Professor Carole Goble (University of Manchester)
Thu 09 Mar 2017, 12:00 - 13:00
C.H Waddington Building, Seminar room 1.08, King's Building's

If you have a question about this talk, please contact: Julie Fyffe (jfyffe)

Image for All the fun of the FAIR:  status and prospects for research data management in Life Sciences

Over the past 5 years we have seen a change in expectations for the management of all the outcomes of research – that is the “assets” of data, models, codes, SOPs, computational methods and so forth. The FAIR Guiding Principles for scientific data management and stewardship (Findable, Assessable, Interoperable, Reusable) [1] has focused attention on research data management, influenced major funders' (NIH, H2020) mandates and is a pillar of the emerging European Open Science Cloud. I will explore the status and prospects for research data management in Life Sciences using two European based projects as case studies:

•             The FAIRDOM project (http://www.fair-dom.org) supports Systems Biology research projects across Europe.

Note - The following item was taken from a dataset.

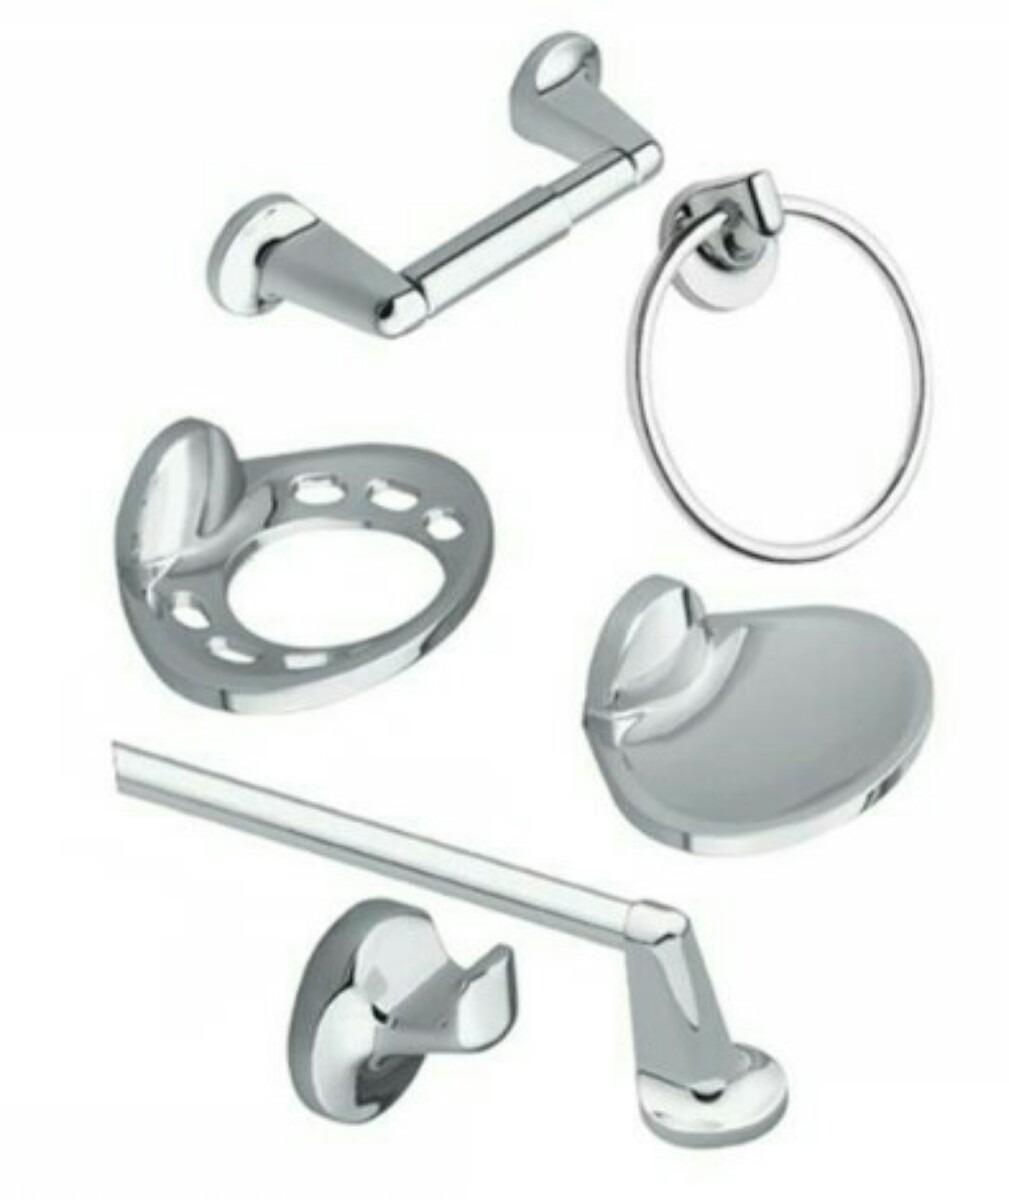 Juegos de accesorios para sala de ba os cromados 6 piezas for Marcas accesorios bano

•             ELIXIR (http:// http://www.elixir-europe.org/) is a European Research Infrastructure of 21 national nodes and a hub funded by national agreements to coordinate and sustain key data repositories for the Life Science community. 

[1] Wilkinson et al, The FAIR Guiding Principles for scientific data management and stewardship Scientific Data 3, doi:10.1038/sdata.2016.18

Bio: Professor Carole Goble is based in the School of Computer Science, at the University of Manchester. Her current research interests are in reproducible research, asset curation and preservation, semantic interoperability, knowledge exchange between scientists and new models of scholarly communication. Professor Goble is Coordinator of the FAIRDOM project, data lead for the ISBE Research Infrastructure, Head of Node of ELIXIR-UK and co-leads the ELIXIR Interoperability Platform. She is a founder and PI of the UK’s Software Sustainability Institute. At the institutional level she chairs the University of Manchester’s Research Data Management User Group. At the policy level she serves on BBSRC Council and BBSRC’s Exploiting New Ways of Working Strategy Advisory Panel.